Six oil companies have sought exploration licences to drill for oil and gas off the west coast under the Government's new licensing round, even though taxes on discoveries have been substantially increased.
Up to now, energy companies have paid 25 per cent in taxes to the State after all costs have been deducted, but Minister for Communications, Energy and Natural Resources Eamon Ryan has increased this to 40 per cent.
The bidding companies, including oil major Exxon Mobil, have put together four applications to drill in the Porcupine Basin next year, at a cost of $100 million (€68 million) or more.
Exxon Mobil, Providence Resources - which is half-owned by Sir Anthony O'Reilly - and Scottish energy company Sosina Exploration have combined to lodge two applications.

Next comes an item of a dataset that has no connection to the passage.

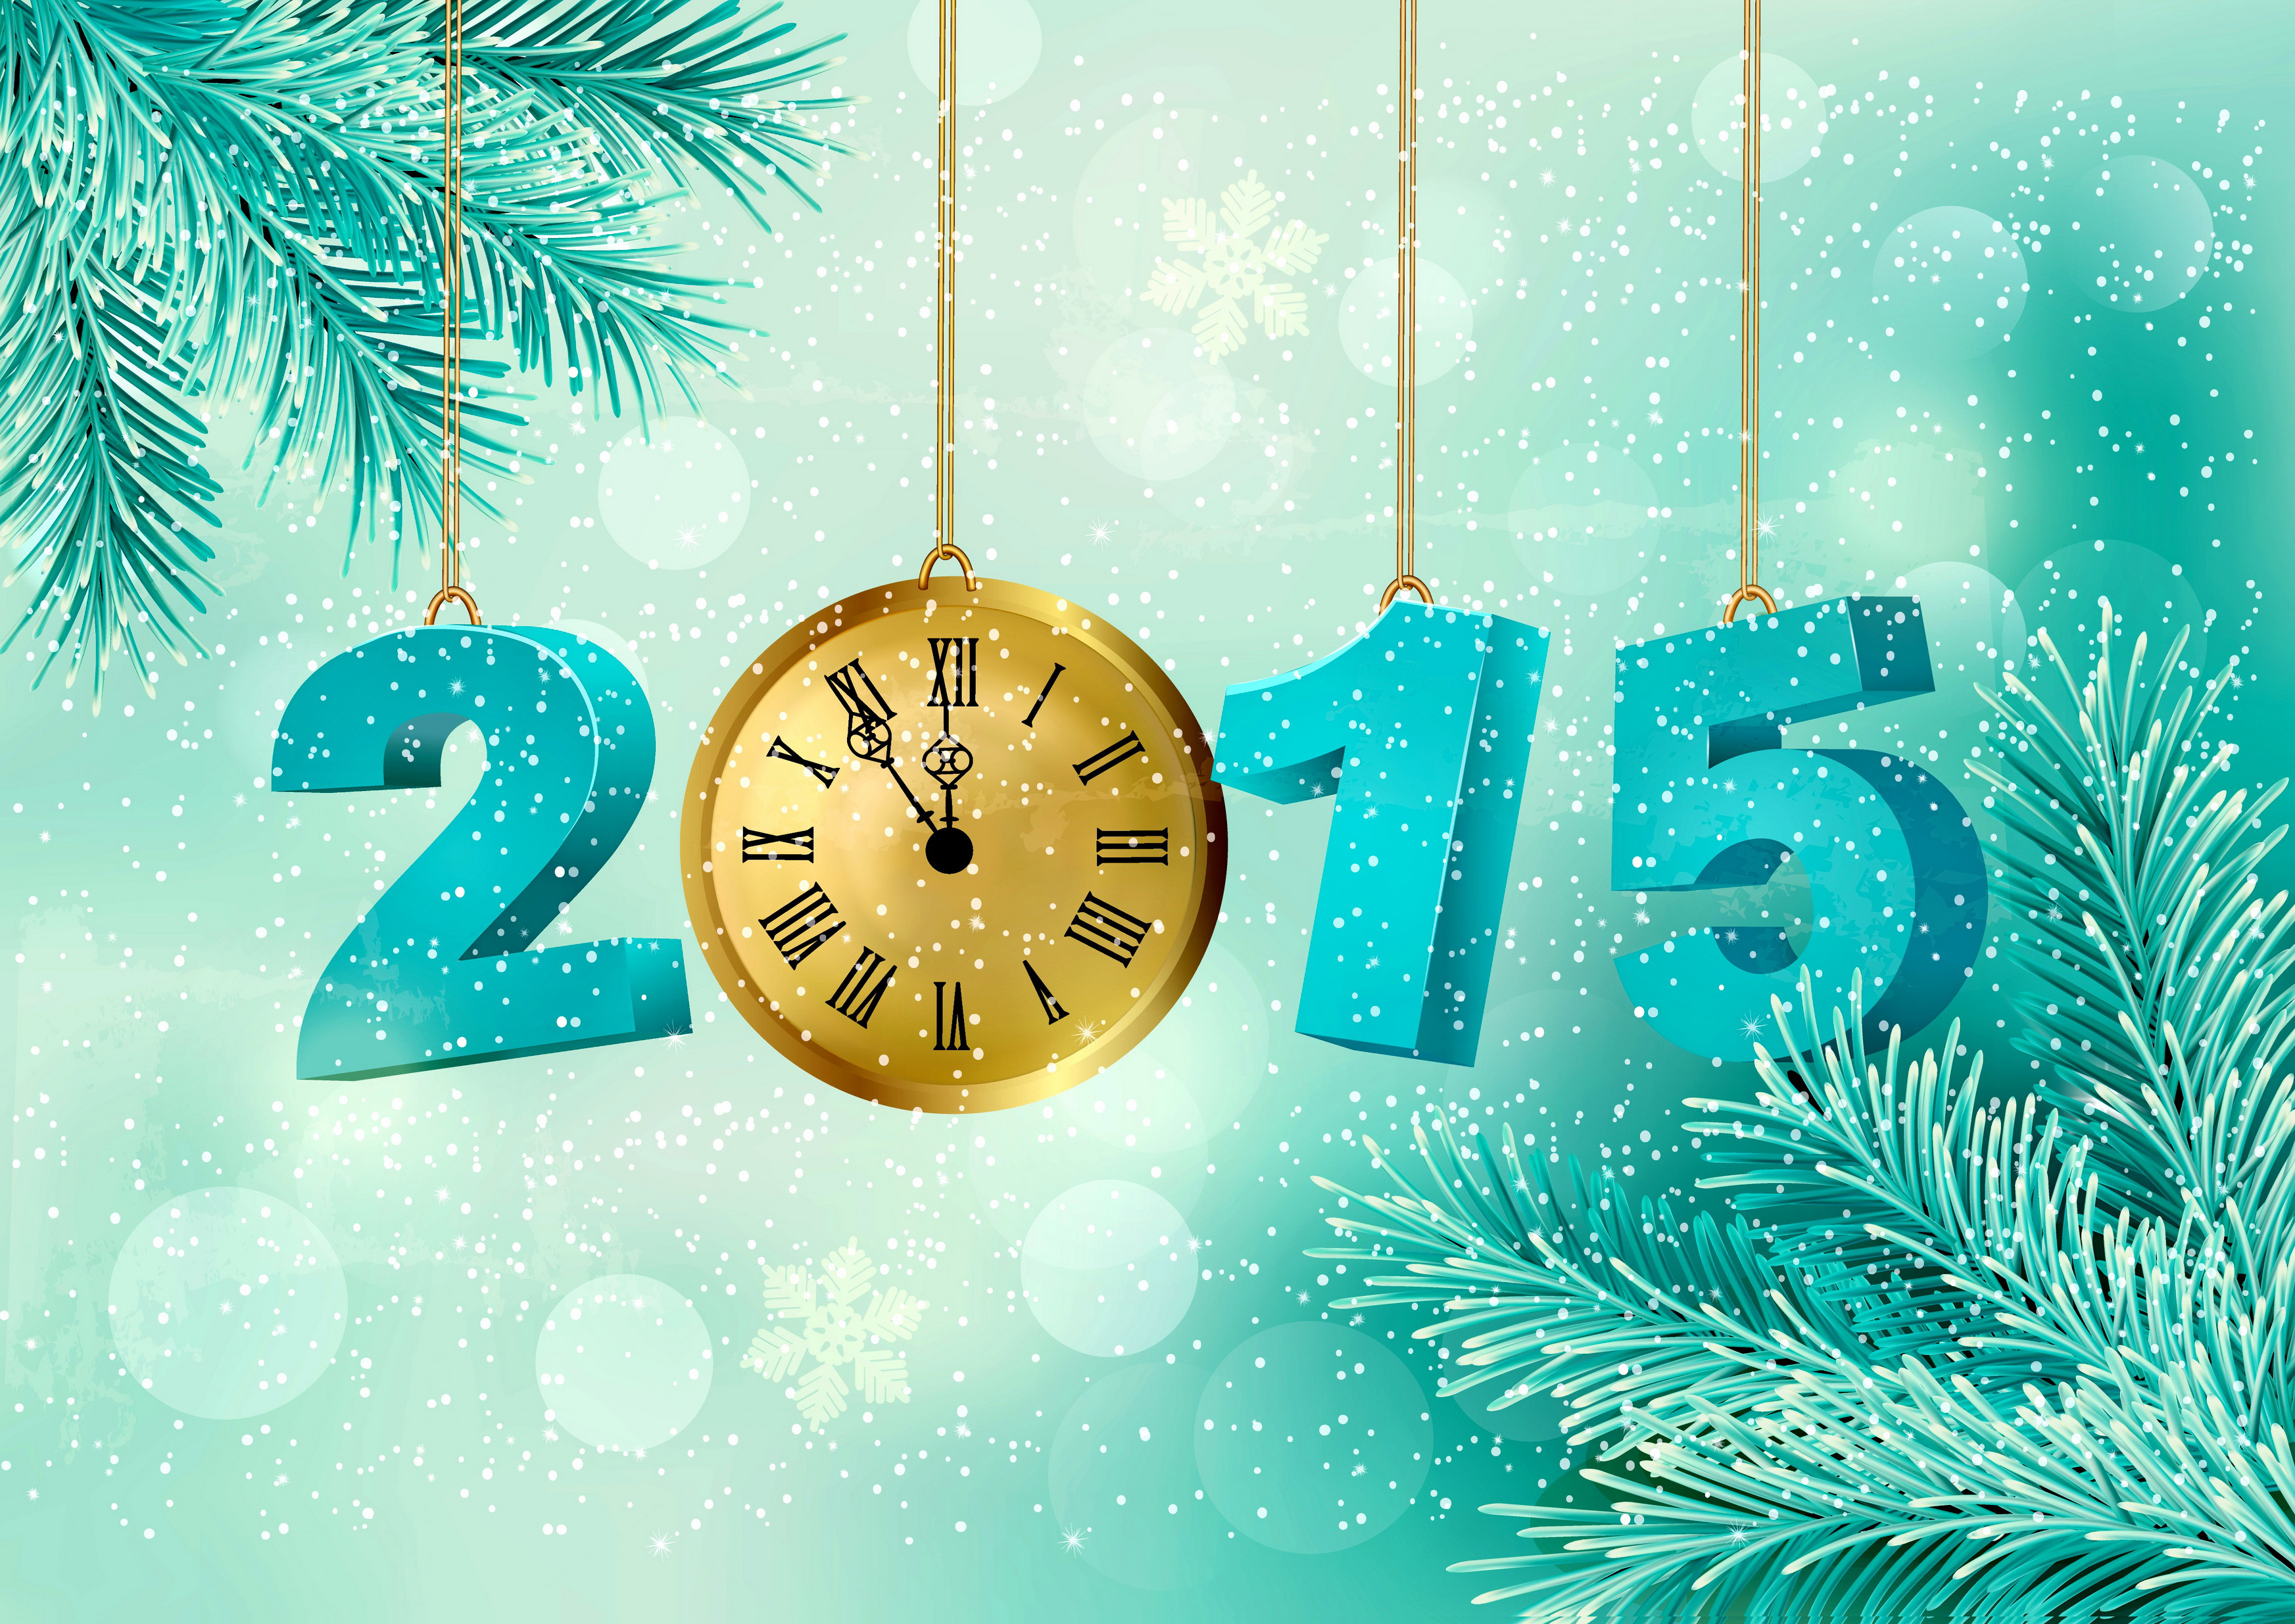 2015. Часы новогодние. Новый год часы. Новогодние открытки 2015. Новогодние открытки 2015 года.

Island Oil and Gas and Supernova Ireland Resources BV have put together an application, while Providence and Sosina have come together for a second application with Challenger Minerals.
All of the applications received before the December 18th closing date are expected to be approved by Mr Ryan when he makes a final decision at the end of next month.
He said: "We hope that the applications received under the round will lead to the discovery and development of new hydrocarbon resources and reduce Ireland's long-term dependence on energy imports."
Ireland is the most oil-dependent country in the EU, securing two-thirds of its energy needs from oil compared to an EU average of 42 per cent.
The fact that the same number of applications has been received under the current round is regarded as proof by the department that the new tax rate has been well-judged, although opponents will argue that it is proof that it remains too low.
Under the new licensing terms a "profit resource rent tax" will apply to the most profitable fields found, if any, along with the standard 25 per cent corporation tax rate that is already in place.
In a bid to encourage the companies to exploit less-profitable fields, a lower rate of the profit resource tax will apply in such cases, ranging from an extra 5 per cent up to an extra 10 per cent.
However, the changes are unlikely to offer any immediate tax boost for the Exchequer even if finds are made quickly, since Mr Ryan has acknowledged that that it could take a decade if finds are made.
The duration of deep-water licences will be reduced from 12 years to nine, while Mr Ryan will also have greater powers to vary the duration of individual elements of a licence.
The energy companies will relinquish half of the territory covered by their licence at the end of the first phase of exploration, and a quarter more will be ceded back to the State at a later stage.
Drilling rules have also been tightened, though only marginally.
Companies will have to drill their first well within three years of getting approval - rather than four as now - and a second within six years, and not within eight.